▶ **What to produce**: Repeat verbatim, and only, the lines of the data below, beginning at the line that contains "Đền Golgulsa Các" and stopping after the line that contains "Marjorie Bowen - englischer".

▶ **Record excerpts**:
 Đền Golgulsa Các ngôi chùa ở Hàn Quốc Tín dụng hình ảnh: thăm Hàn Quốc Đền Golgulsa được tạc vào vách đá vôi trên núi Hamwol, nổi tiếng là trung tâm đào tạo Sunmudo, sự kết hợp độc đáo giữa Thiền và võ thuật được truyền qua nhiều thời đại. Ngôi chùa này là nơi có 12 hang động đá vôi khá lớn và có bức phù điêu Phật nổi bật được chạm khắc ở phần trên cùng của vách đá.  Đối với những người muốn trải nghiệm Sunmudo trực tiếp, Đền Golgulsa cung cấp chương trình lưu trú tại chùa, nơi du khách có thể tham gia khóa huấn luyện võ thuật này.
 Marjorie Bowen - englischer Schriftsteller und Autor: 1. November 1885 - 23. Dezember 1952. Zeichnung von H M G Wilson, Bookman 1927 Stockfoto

...

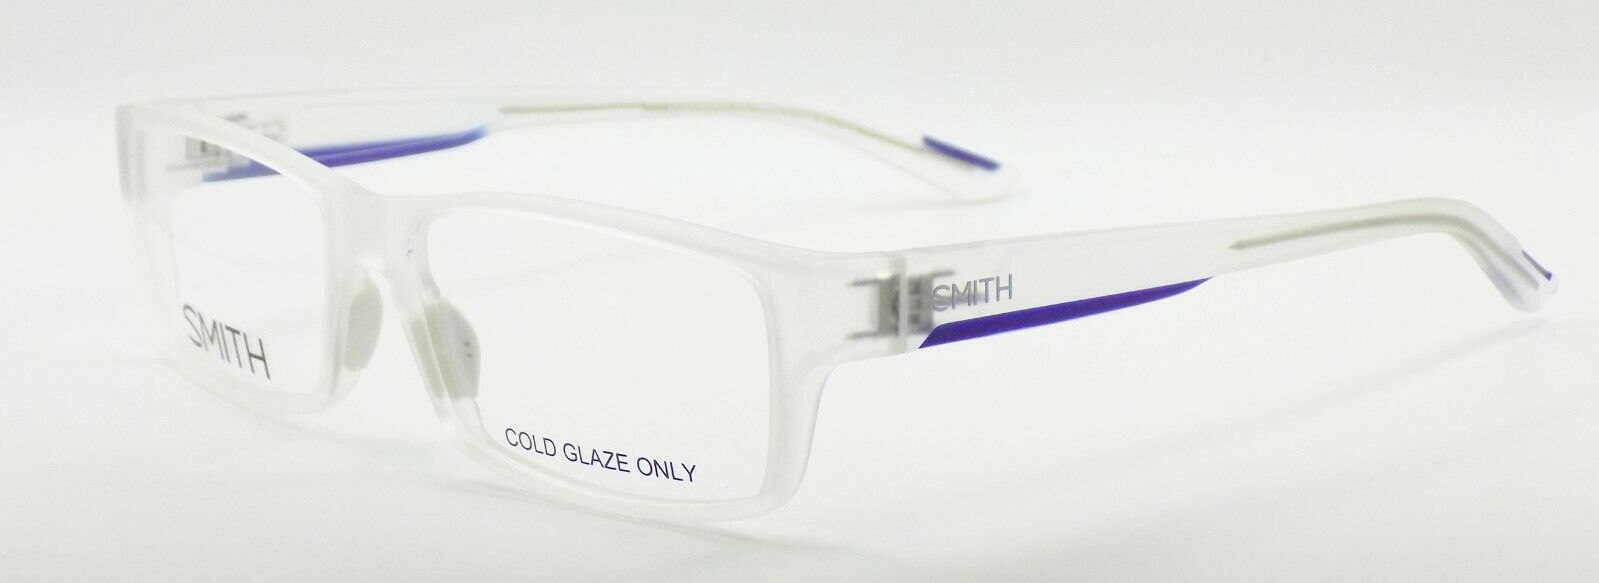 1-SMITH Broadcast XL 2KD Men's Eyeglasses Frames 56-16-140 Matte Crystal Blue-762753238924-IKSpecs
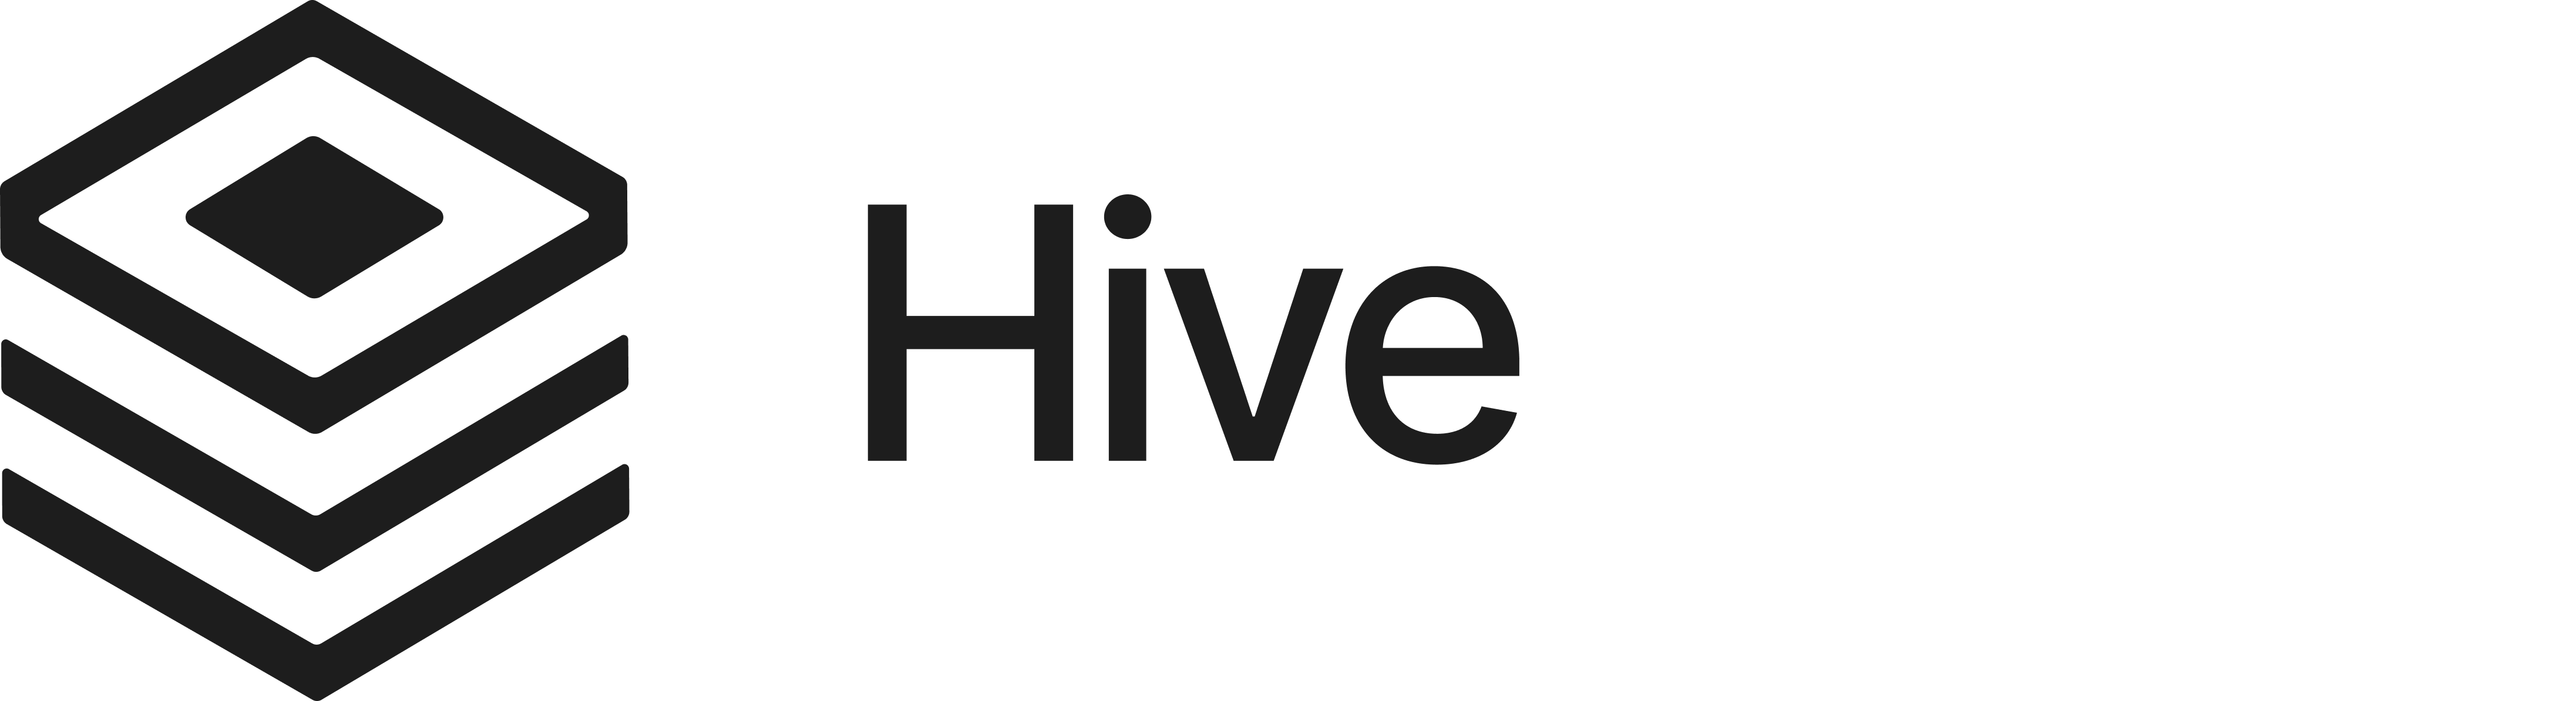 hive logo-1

▶ **Solution to the exercise**:
 Đền Golgulsa Các ngôi chùa ở Hàn Quốc Tín dụng hình ảnh: thăm Hàn Quốc Đền Golgulsa được tạc vào vách đá vôi trên núi Hamwol, nổi tiếng là trung tâm đào tạo Sunmudo, sự kết hợp độc đáo giữa Thiền và võ thuật được truyền qua nhiều thời đại. Ngôi chùa này là nơi có 12 hang động đá vôi khá lớn và có bức phù điêu Phật nổi bật được chạm khắc ở phần trên cùng của vách đá.  Đối với những người muốn trải nghiệm Sunmudo trực tiếp, Đền Golgulsa cung cấp chương trình lưu trú tại chùa, nơi du khách có thể tham gia khóa huấn luyện võ thuật này.
 Marjorie Bowen - englischer Schriftsteller und Autor: 1. November 1885 - 23. Dezember 1952. Zeichnung von H M G Wilson, Bookman 1927 Stockfoto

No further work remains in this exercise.